K. too is in many ways an obscure figure. Where has he come from? Does he indeed have a wife and child, as he suggests early on? What are his motives for acting as he does, especially towards his fiancée Frieda? Does he love her? Or does he see her, and indeed many others, merely as a means to an end, that of having his position validated by the authorities? If that is his goal, is it a reasonable one? (The German equivalent of ‘surveyor’ is ‘Vermesser’, a word which, as Erich Heller has pointed out, has echoes of the noun ‘Vermessenheit’ or ‘hubris’.)
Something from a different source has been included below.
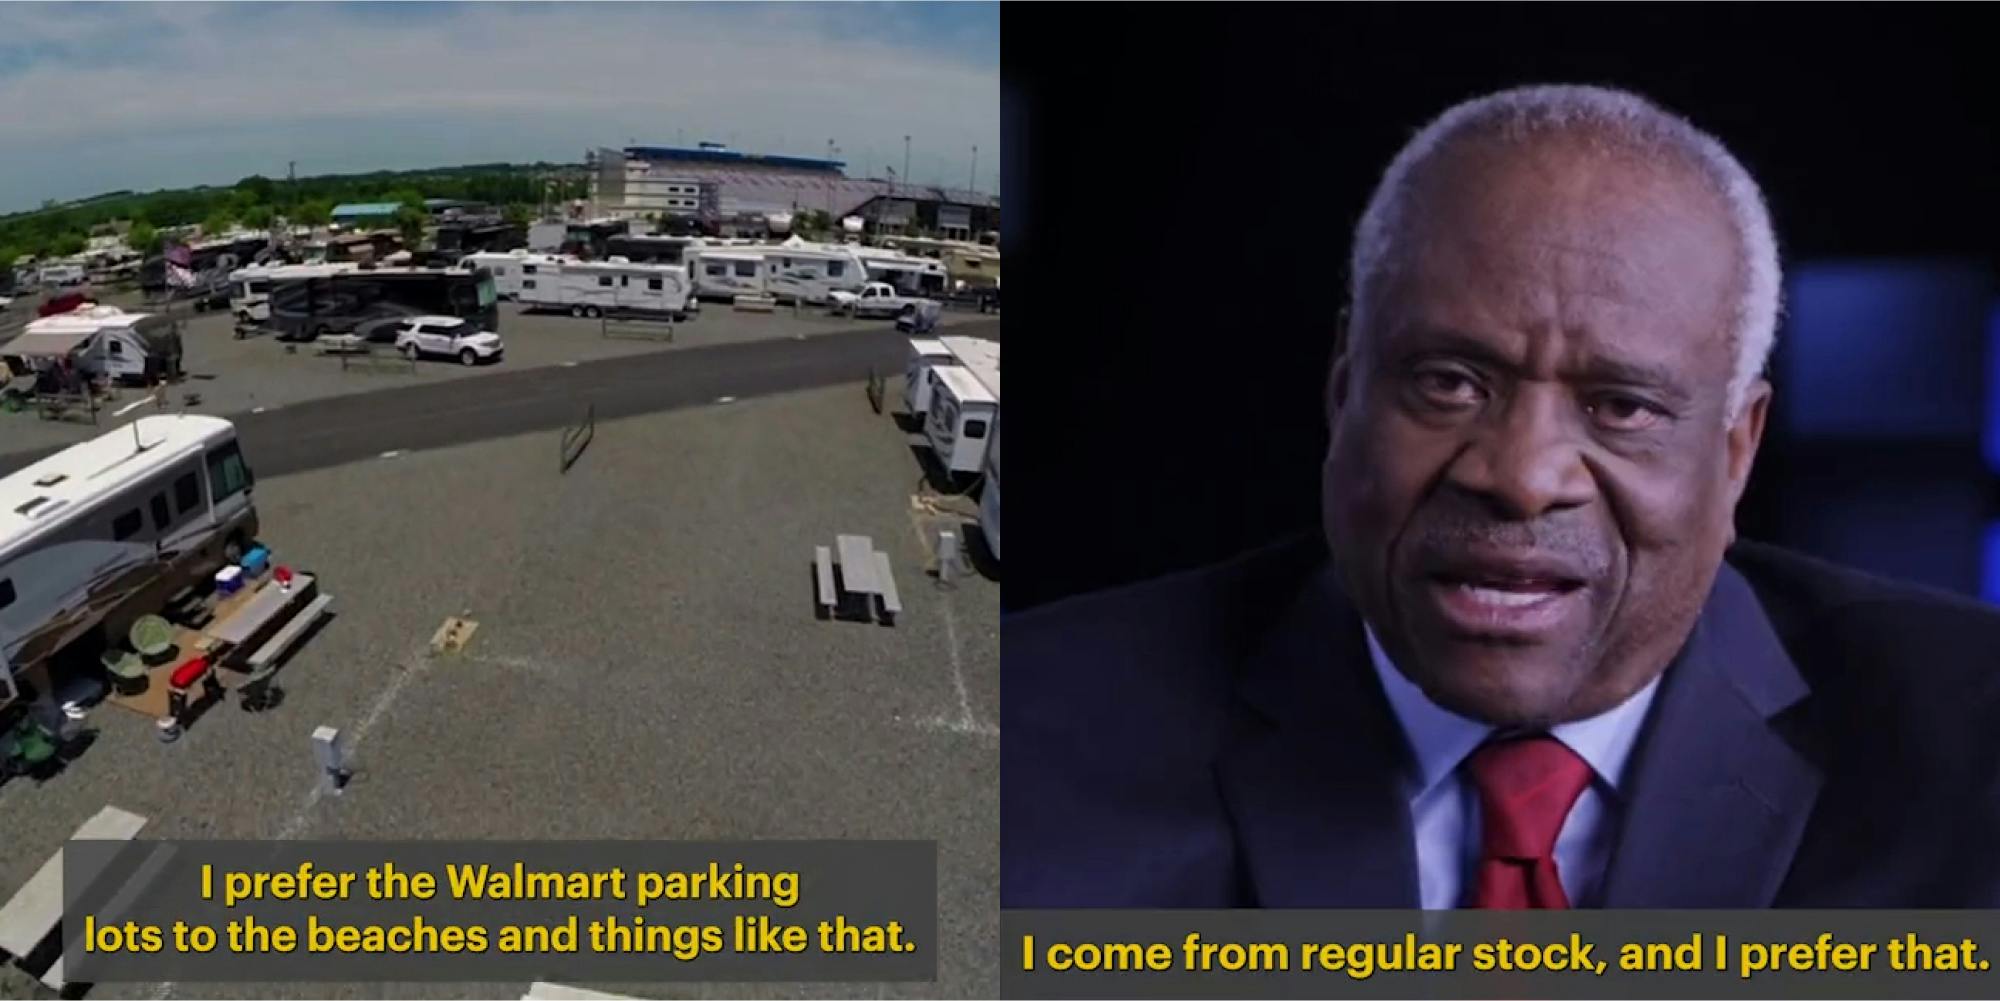 RV park with caption "I prefer the Walmart parking lots to the beaches and things like that." (l) Clarence Thomas speaking in front of black background with caption "I come from regular stock, and I prefer that." (r)

The ambiguities of the novel emerge all the more clearly because of Kafka’s style which is essentially straightforward (Kafka shunned the linguistic ostentation of fellow German writers in Prague), and allows the questions raised to emerge clearly. In translating the text I have very occasionally felt it desirable, bearing in mind the particular needs of someone listening to, rather than reading, the novel, to break up a sentence, replace a pronoun with a noun, make implied direct speech explicit or even, in one instance, to add a short (four word!) sentence as a ‘signpost’. Otherwise I have tried throughout to render the text as faithfully as possible. The Castle is a richly rewarding work; I hope this translation shows that.